ACTIVITY =
Nothing outside the lines below from the one containing "Delta Ceramcoat ®" through the one containing "Thumbnail 2 of" is to be printed; print those exactly, ends included, and drop the pictures.

RECORDS TO PROCESS Start Marker

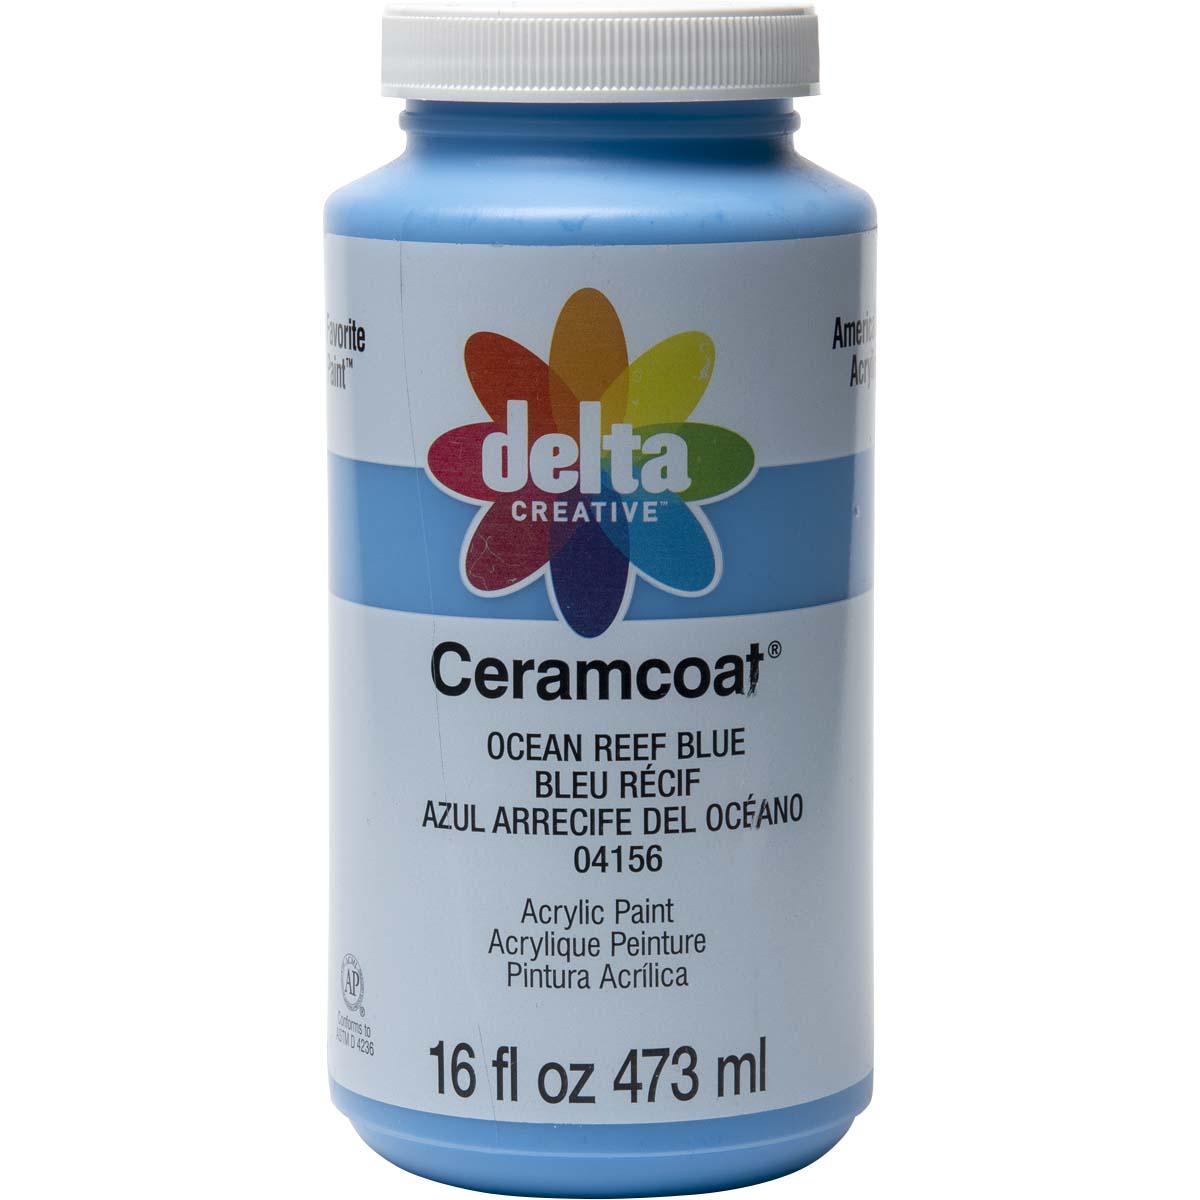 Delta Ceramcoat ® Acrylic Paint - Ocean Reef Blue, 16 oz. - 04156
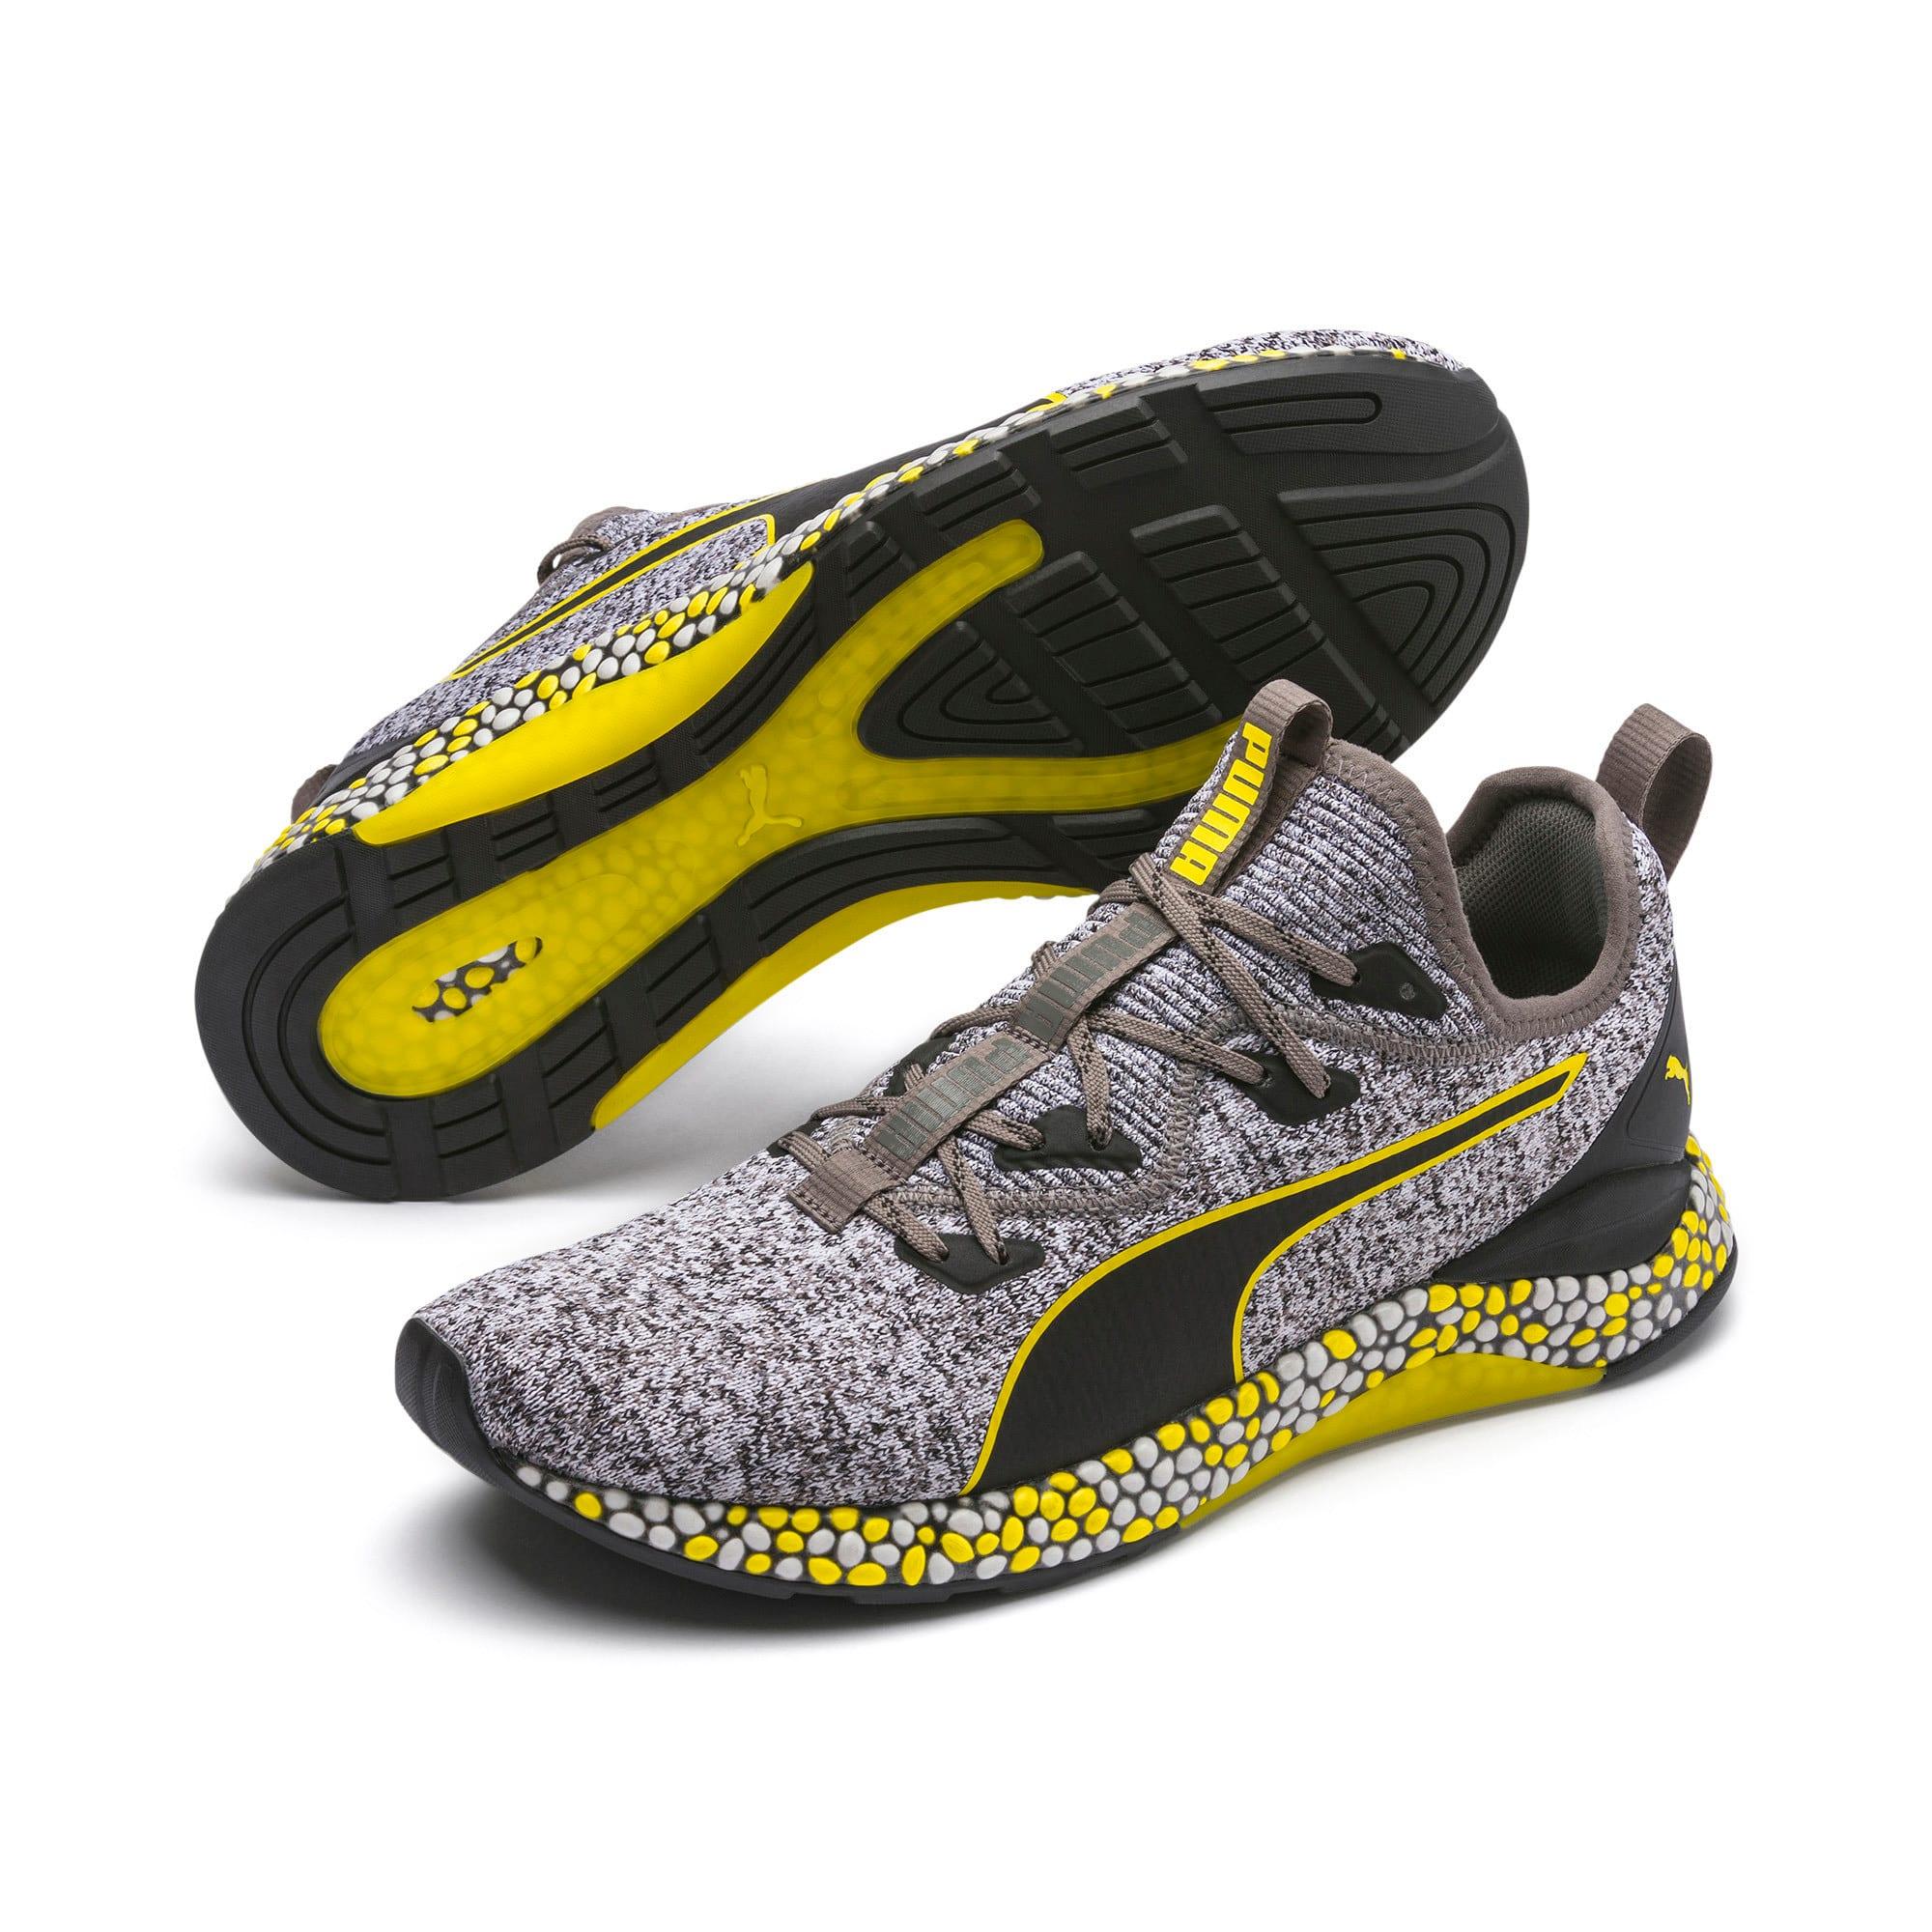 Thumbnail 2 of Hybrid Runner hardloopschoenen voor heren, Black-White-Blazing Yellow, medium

RECORDS TO PROCESS End Marker
RECORDS TO PROCESS Start Marker

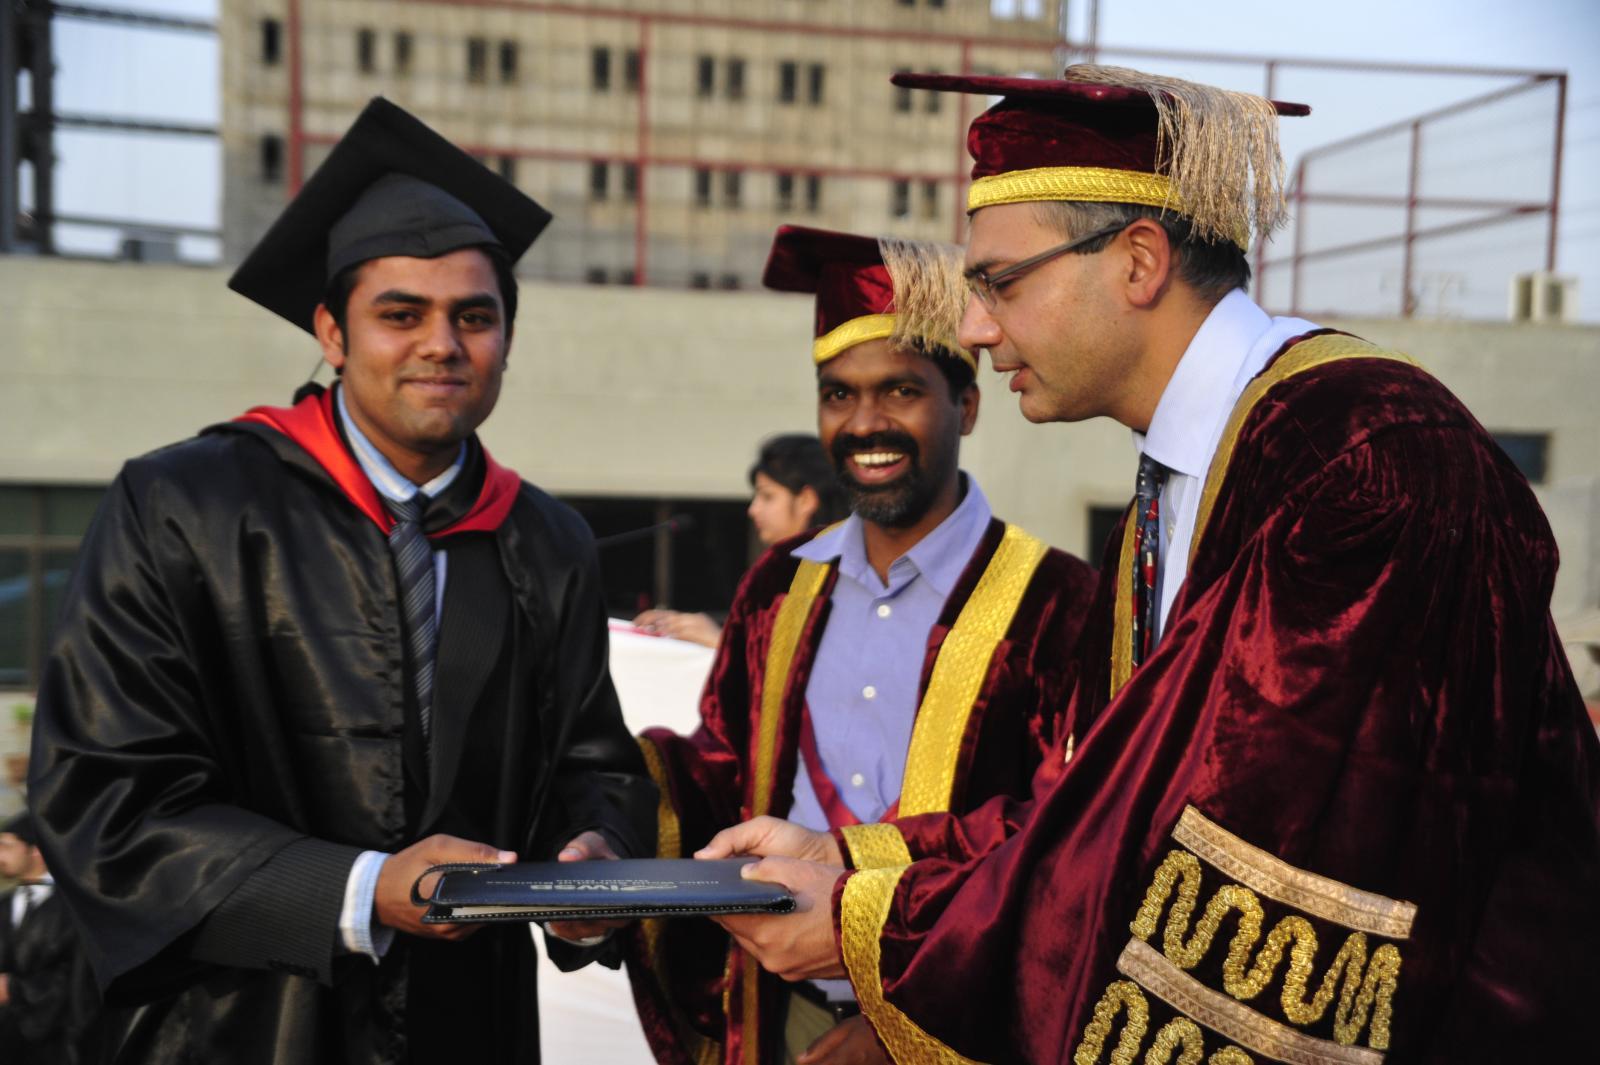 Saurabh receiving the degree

RECORDS TO PROCESS End Marker

EXERCISE SOLUTION =
 Delta Ceramcoat ® Acrylic Paint - Ocean Reef Blue, 16 oz. - 04156
 Thumbnail 2 of Hybrid Runner hardloopschoenen voor heren, Black-White-Blazing Yellow, medium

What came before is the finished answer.